Most notably, semiconductor giant Micron Technology (NASDAQ:MU) and retail powerhouse Costco Wholesale (NASDAQ:COST) are set to release their financial results.

Micron, one of Nvidia’s key suppliers of AI memory chips, will report its earnings on Wednesday, with analysts anticipating a 90% year-over-year revenue jump, fueled by growing demand for memory chips in artificial intelligence.

While some Wall Street analysts remain bullish on the chipmaker, others have recently cut their ratings on the stock and trimmed price targets, mainly due to elevated inventory levels and signs of a slowing recovery in the memory market.

Moreover, earnings updates from companies like Accenture (NYSE:ACN), BlackBerry (NYSE:BB), and AutoZone (NYSE:AZO) will also be in focus.

What analysts are saying about US stocks

Oppenheimer: “We continue to expect that small and midcap stocks could begin to experience more sustainable rallies now that the Fed has begun to cut its benchmark rate. While we favor equities over fixed income, we continue to find fixed income to be complementary to equities and other asset classes in diversified portfolios when duration is matched to investor goals, objectives, and tolerances to risk. Our target price for the S&P 500 this year remains 5,900.”

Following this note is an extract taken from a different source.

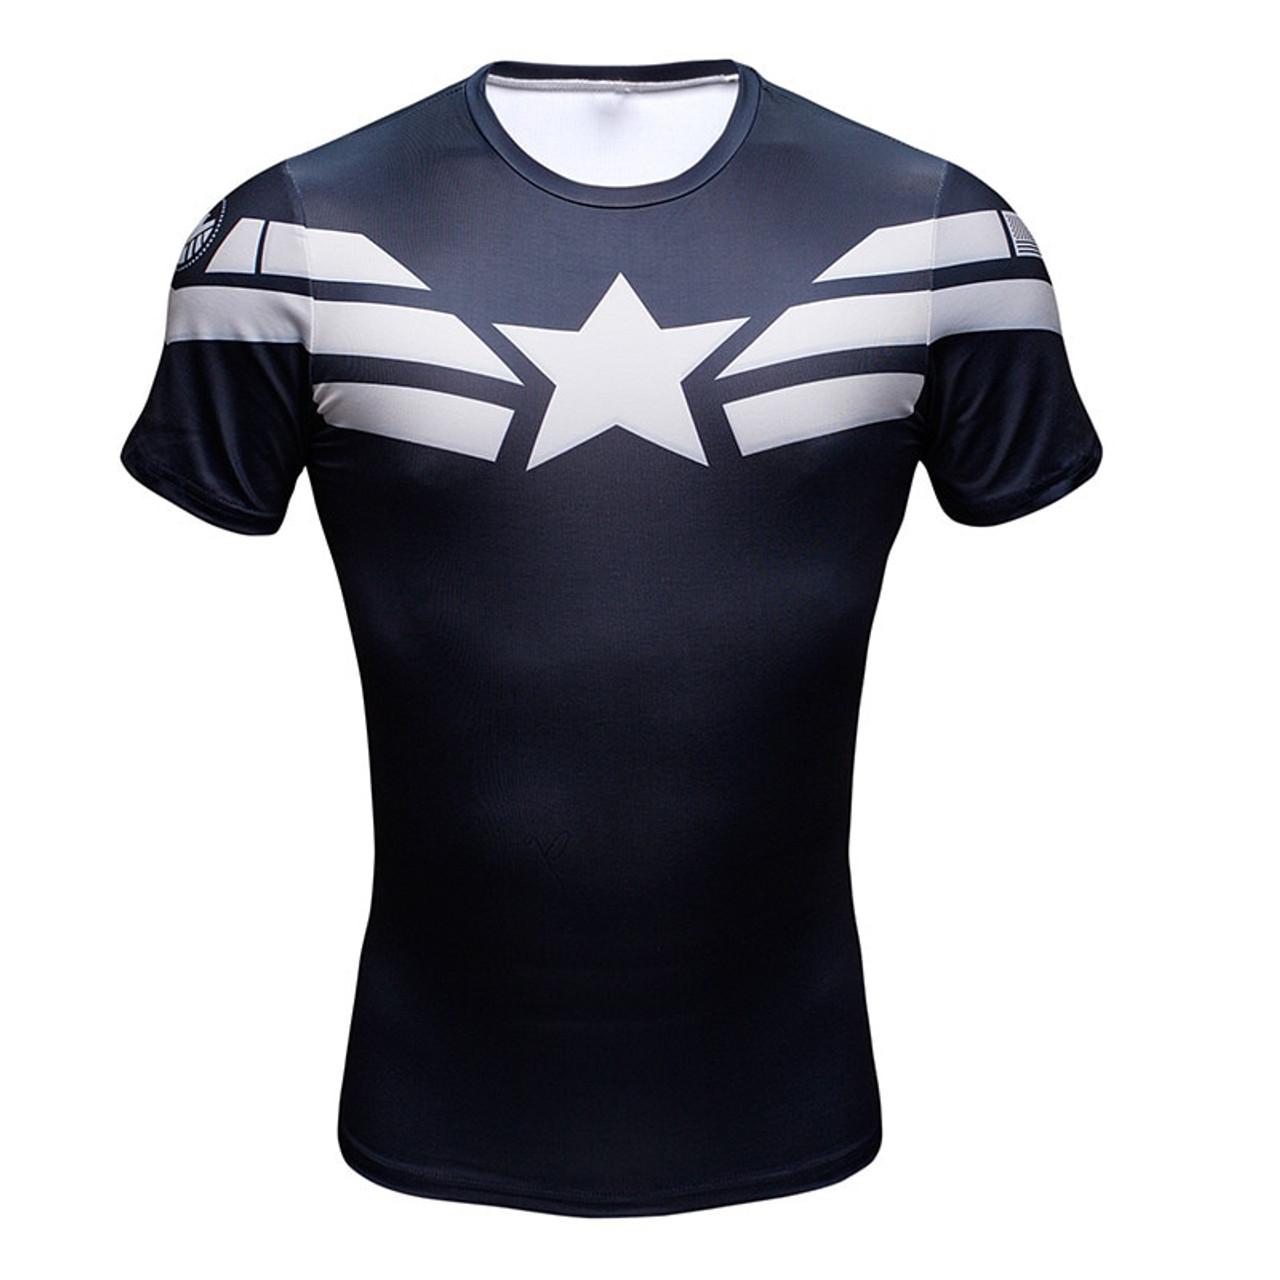 Spiderman Captain America Men's Superhero Compression Shirt Athletic Fitness Gym Top Workout T Shirts for Men

Bank of America: “We are now past what was the most uncertain Fed day at least since 2015, with the best-case scenario of strong retail sales and a 50bp cut. Absent a big surprise in PCE, we see no major macro data releases this week that could spook the market. Historically, quiet macro weeks have been the best weeks for stocks (median return +0.61% vs. a typical +0.38%.”

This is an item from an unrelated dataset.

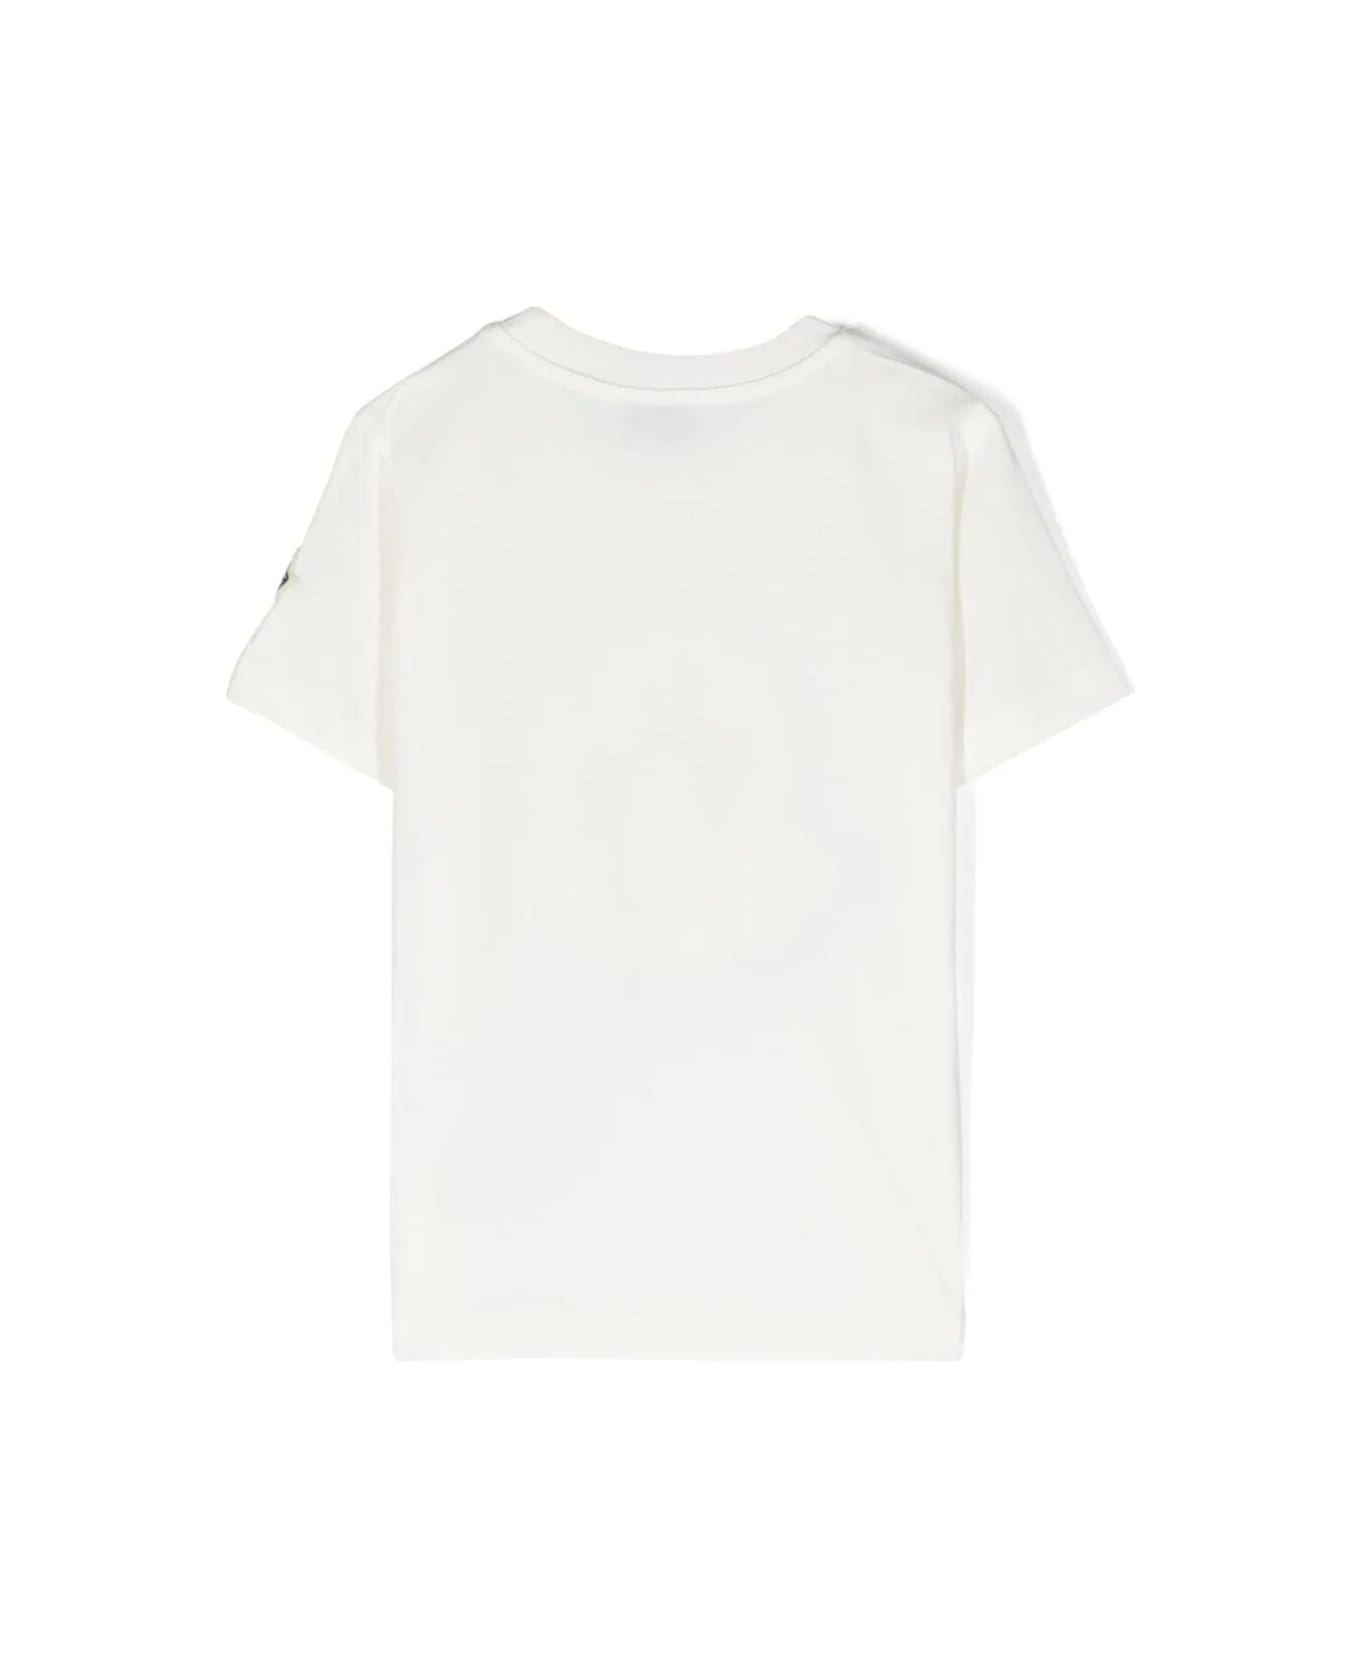 Moncler Ss T-shirt - White

BTIG: “As we discussed on Friday, the imminent false breakout on FOMC didn’t materialize. We are still in a seasonal weak window, and can expect some digestion, but we have to respect a new high in the SPX, along with equal-weight S&P 500. The S&P's cumulative advance-decline line also continues to make new highs ahead of price. While this doesn’t preclude some short-term weakness, it typically bodes well for the medium-term. High beta vs. low vol has seen a nice comeback, but is back to a key resistance level. Clearing that would be another bullish shift.”

Morgan Stanley: “The Fed delivered on what we thought was the best short-term case for stocks. Tactically, we move to neutral on defensives vs. cyclicals as markets await more clarity on the labor data. We continue to recommend a large cap, quality bias.”